Monday 10/16/23
I did much yesterday morning, as I do most mornings, and one of those things was to go out to Forest Hills Cemetery on the Orange Line. I'd gone to bed at nine the night before, and arose on Sunday at 2:30--the kind of early start I like.
I hadn't been to Forest Hills in some time, though it's a place I have visited regularly over many years now. Like Mt. Auburn Cemetery in Cambridge, it's a place for walking, being out in nature, birding, being present. You're not strolling around some place of the interred dead, so much as you are spending time in a setting that invites contemplation as to life. I find it helpful and good for the soul, and my next moves in all of that in which I'm dealing with and embroiled. I regather, and I find energy here. It is essential, in my view--especially in my situation--to always be acquiring energy.
The cemetery, which was established in 1848, consists of 275 acres. E.E. Cummings is buried here, but I admit that I don't know where, as of yet. Not where I tend to walk, it seems.
I read many of the headstones, and I always make a point of visiting one I first became aware of more than twenty years ago, which gives an idea how long I've been going to this spot. That would be the marker for Mary May, wife of Samuel, who lived to be ninety-five, at a time when hardly anyone did. If you look closely at the bottom, you'll see the quote, "She hath done what she could," which I love.

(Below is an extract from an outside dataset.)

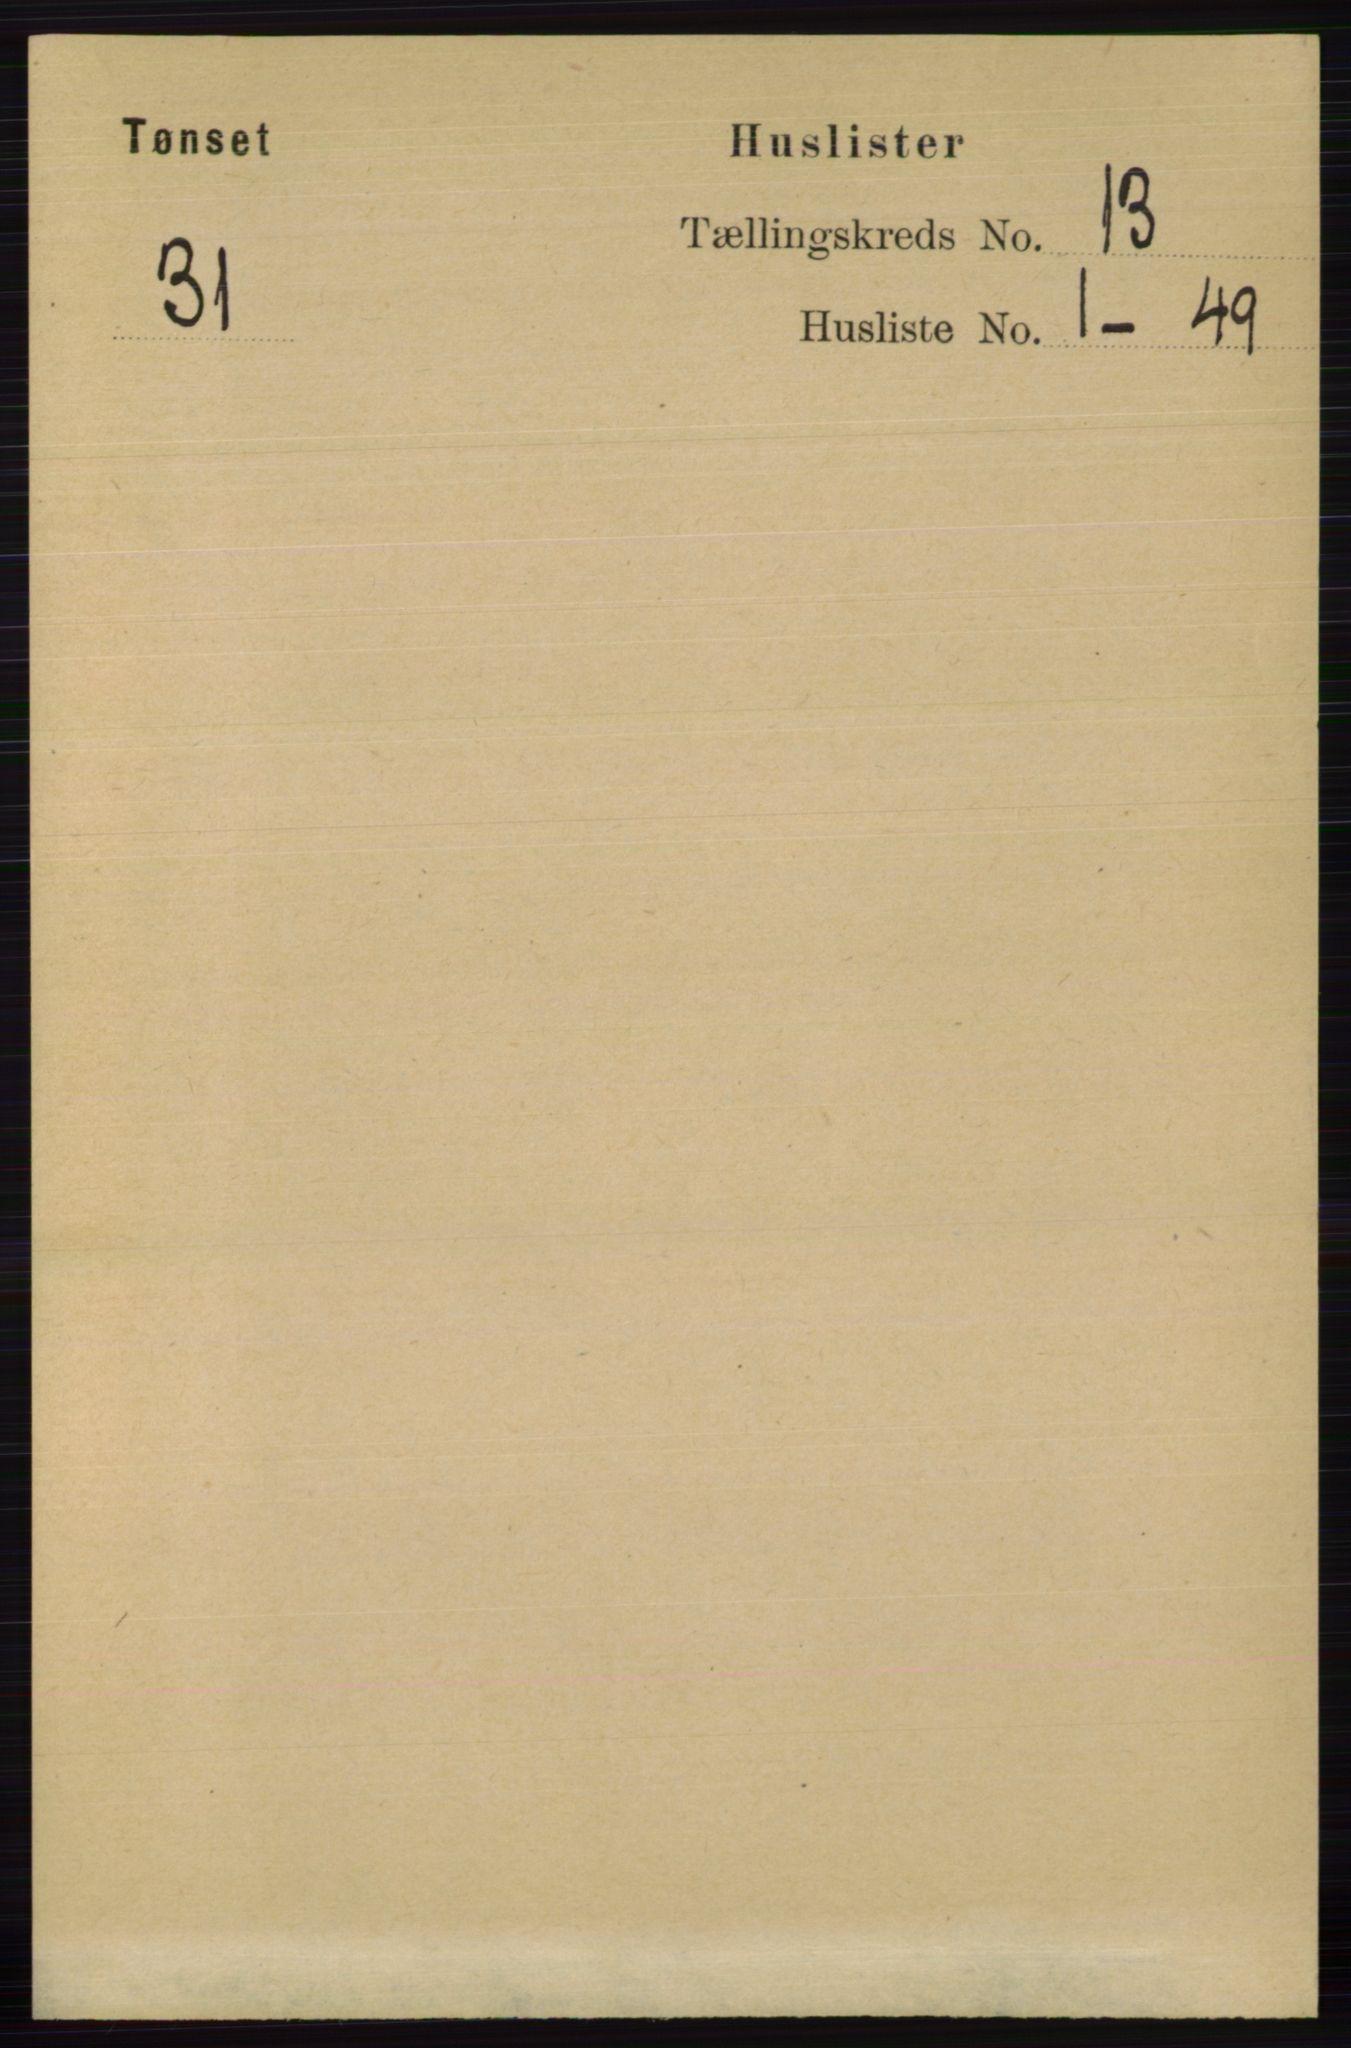 RA, Folketelling 1891 for 0437 Tynset herred, 1891, s. 3463

What more needs to be said? What more can be asked of any of us? And what could be better said about any of us if we truly did what we could? But how many ever do?
There are stories everywhere in a place like this. There are stories all around us, of course, but here the stories are suggested in words. Consider, for example, the very young married couple, and how early she left this world. What happened? When were they first married? Then he went on living and it would seem like he went on living alone, for twenty-five years. "DIVIDED BUT FOR A TIME."